Portrait d’une famille tchétchène expulsée hier du squat de Nice.

Des cernes sous les yeux, le teint blafard : Marjane est à bout de force. A 6 heures, hier matin, sa famille a dû quitter le squat de l’Avenue Clémenceau qu’elle occupait depuis début novembre. Dans un français approximatif, son fils de 15 ans Yakoub décrit : « Ma mère avait peur. Nous avions tous peur en fait. Personne n’a été maltraité mais ils sont venus très nombreux, armés, avec des casques. Ca nous faisait penser aux milices en Tchétchénie. »

Marjane et ses deux enfants sont demandeurs d’asile en Pologne. Ils ont cherché à fuir leur pays à cause de la violence de la guerre. Yakoub joue l’interprète pour sa mère : « Je suis partie pour sauver ma vie et ma famille. » confie-t-elle. Les souvenirs de Pologne semblent douloureux. Marjane est fébrile, son fils fait preuve, lui, d’une grande maturité. Il raconte : « Les Polonais étaient agressifs envers nous, les tchétchènes. On était parqués. Chaque semaine, des skinhead venaient nous rendre visite. Il fallait partir. » Marjane fonde alors beaucoup d’espoir sur sa venue en France.
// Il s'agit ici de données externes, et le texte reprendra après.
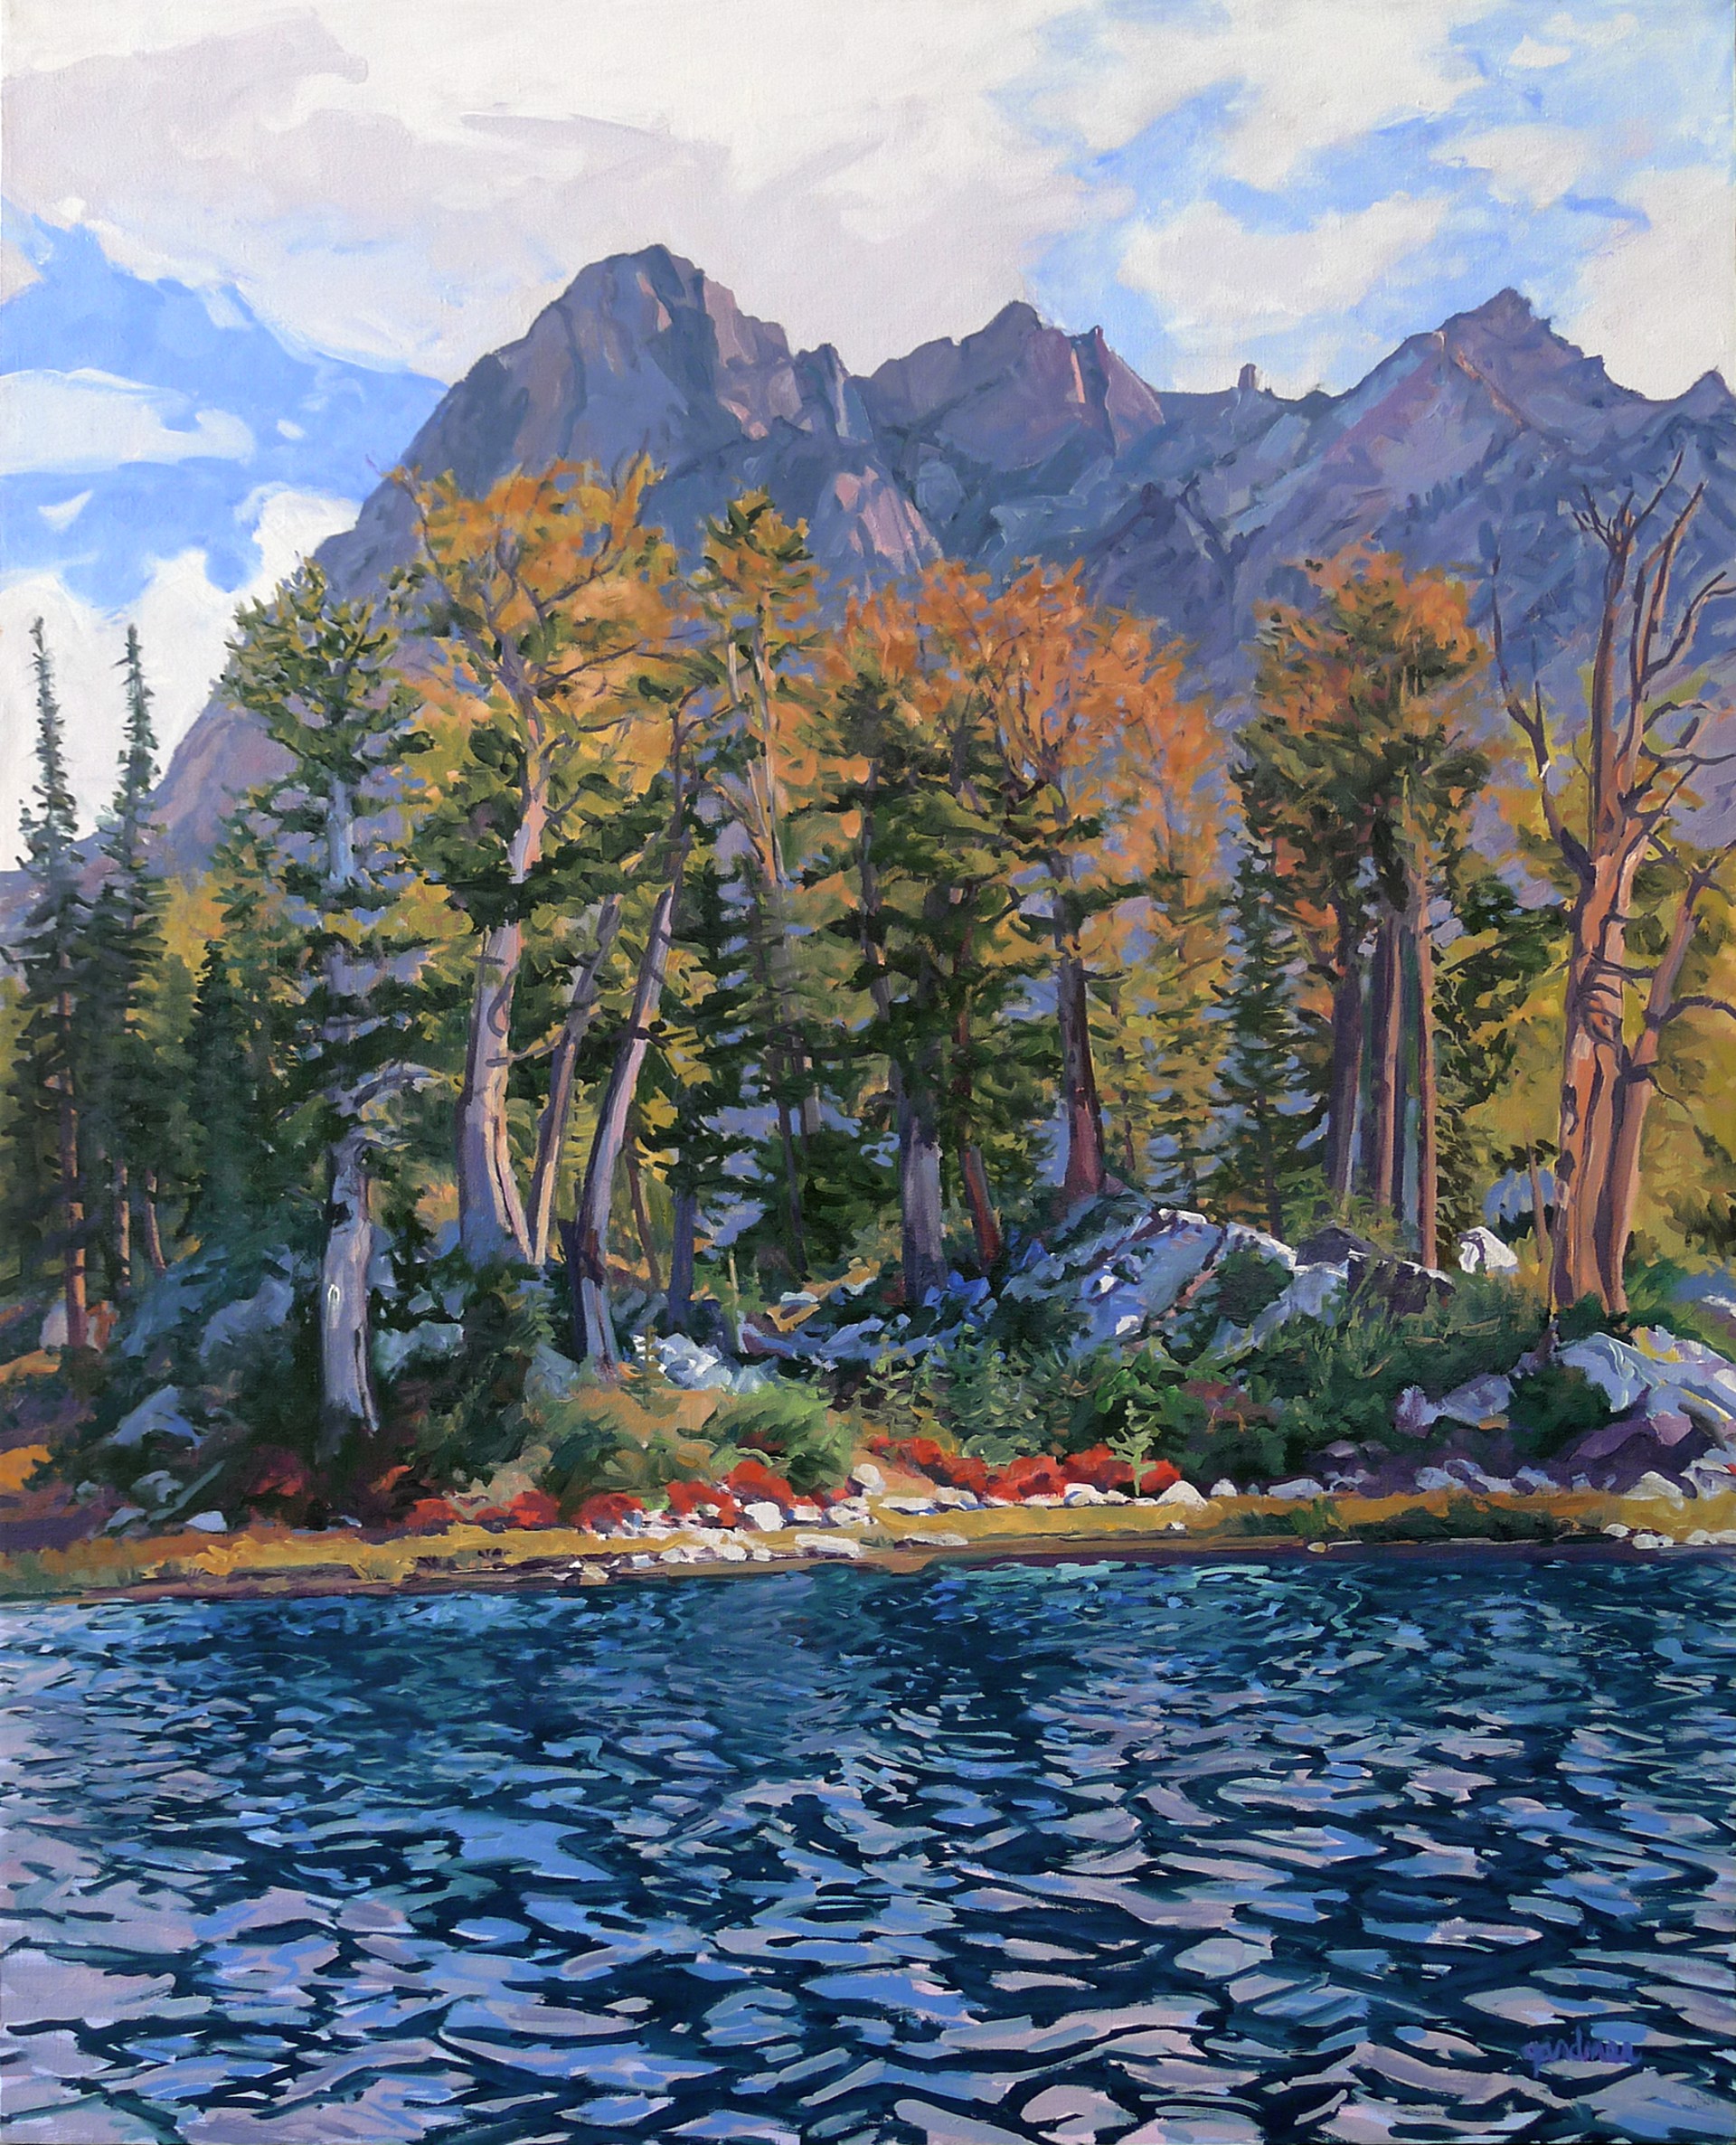 Wind on the Water (Alice Lake) by Sheila Gardner
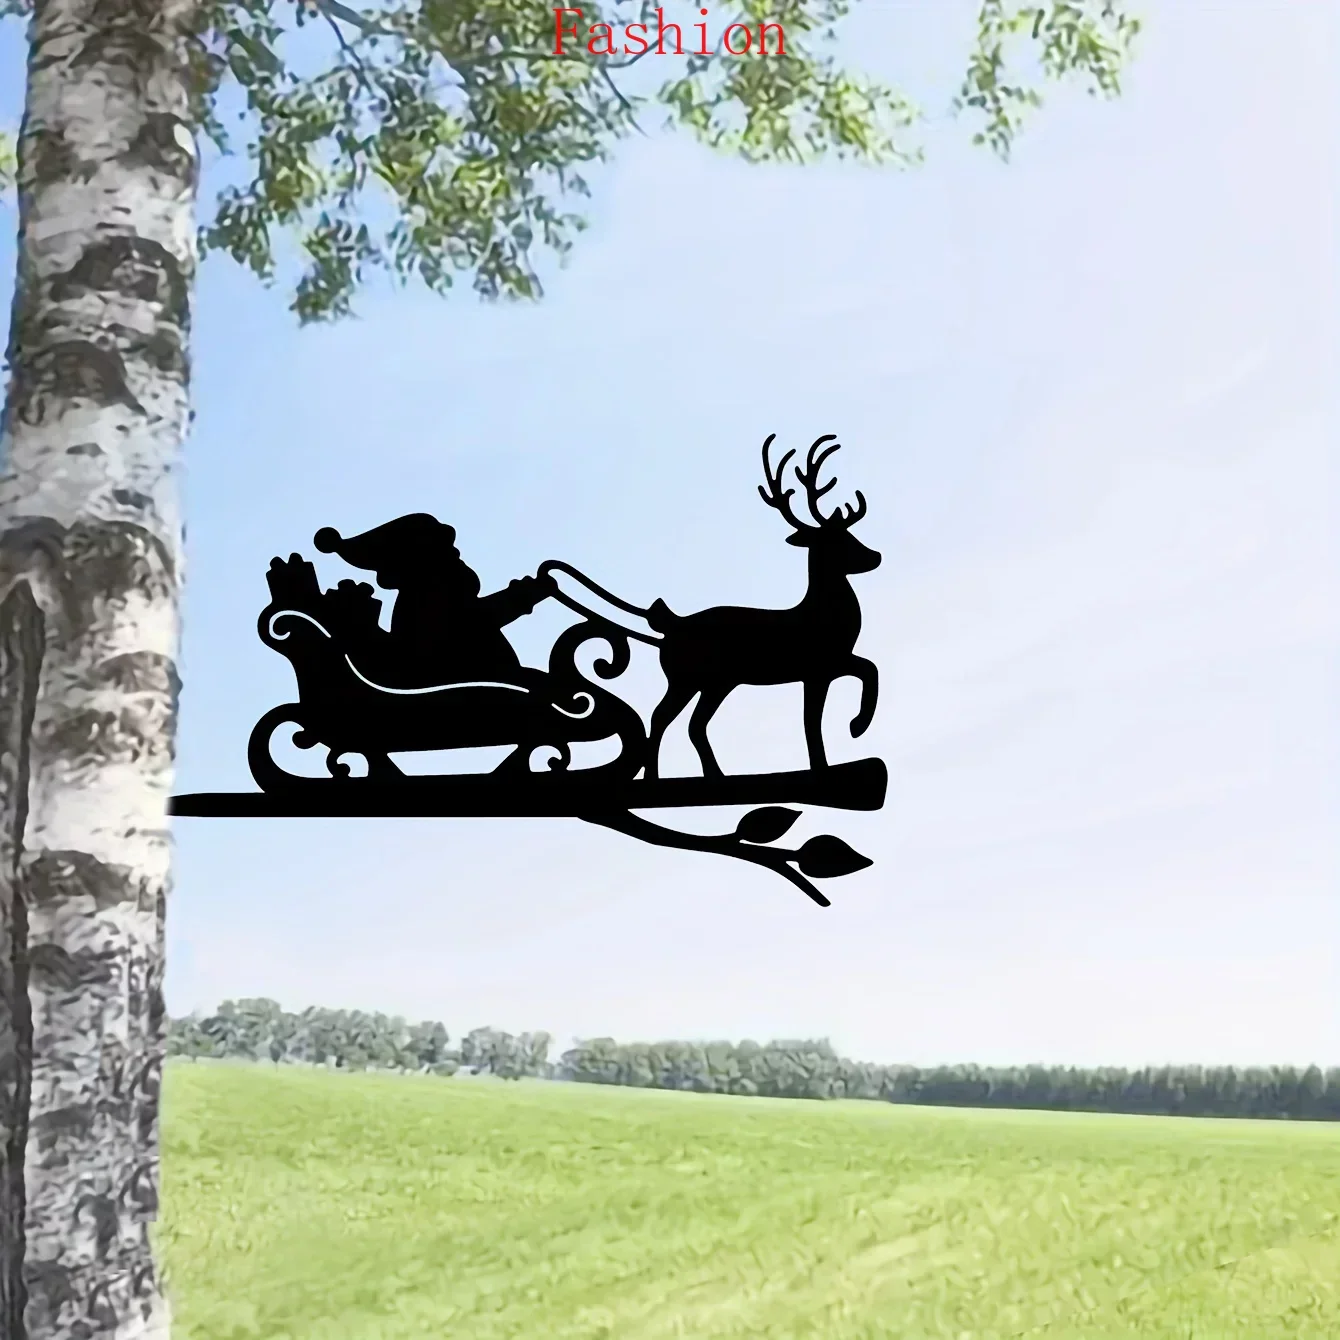 

Reindeer Santa Claus on Branch Steel Silhouette Metal Wall Decor Art Home Garden Yard Patio Outdoor Statue Stake Decoration wal

Quand ils sont arrivés, il y a un an et demi, la préfecture des Alpes Maritimes les a d’abord logés, comme le préconise la loi. Mais au bout de quelques semaines, on leur a demandé de partir. « L’horreur a recommencé. Nous avons vécu six mois dans la rue. » Les mots sortent de plus en plus difficilement et laissent place aux larmes. « C’est dur de l’avouer, j’ai dû fouiller dans les déchets alimentaires pour trouver à manger. » La décision de la justice lui est insupportable. « Tout ce que j’aimerais, c’est que ça s’arrête. Je voudrais un toit et pouvoir travailler. »

Julie Caron

Crédit Photo : Julie Caron

Post-Scriptum

Squatteurs sous pression

Les associations dénoncent le harcèlement moral exercé par les autorités publiques envers les demandeurs d’asile. Contrôles réguliers, visites à des heures impromptues. Cette pression provoque la colère de David, l’un des bénévoles actifs du squat : « Toutes les interventions sont faites pour que les familles quittent la ville » Mais il semblerait que ces efforts soient vains. Depuis que la justice s’est emparée de l’affaire, seule une famille, sur les quinze présentes, a regagné sa terre d’asile, la Pologne.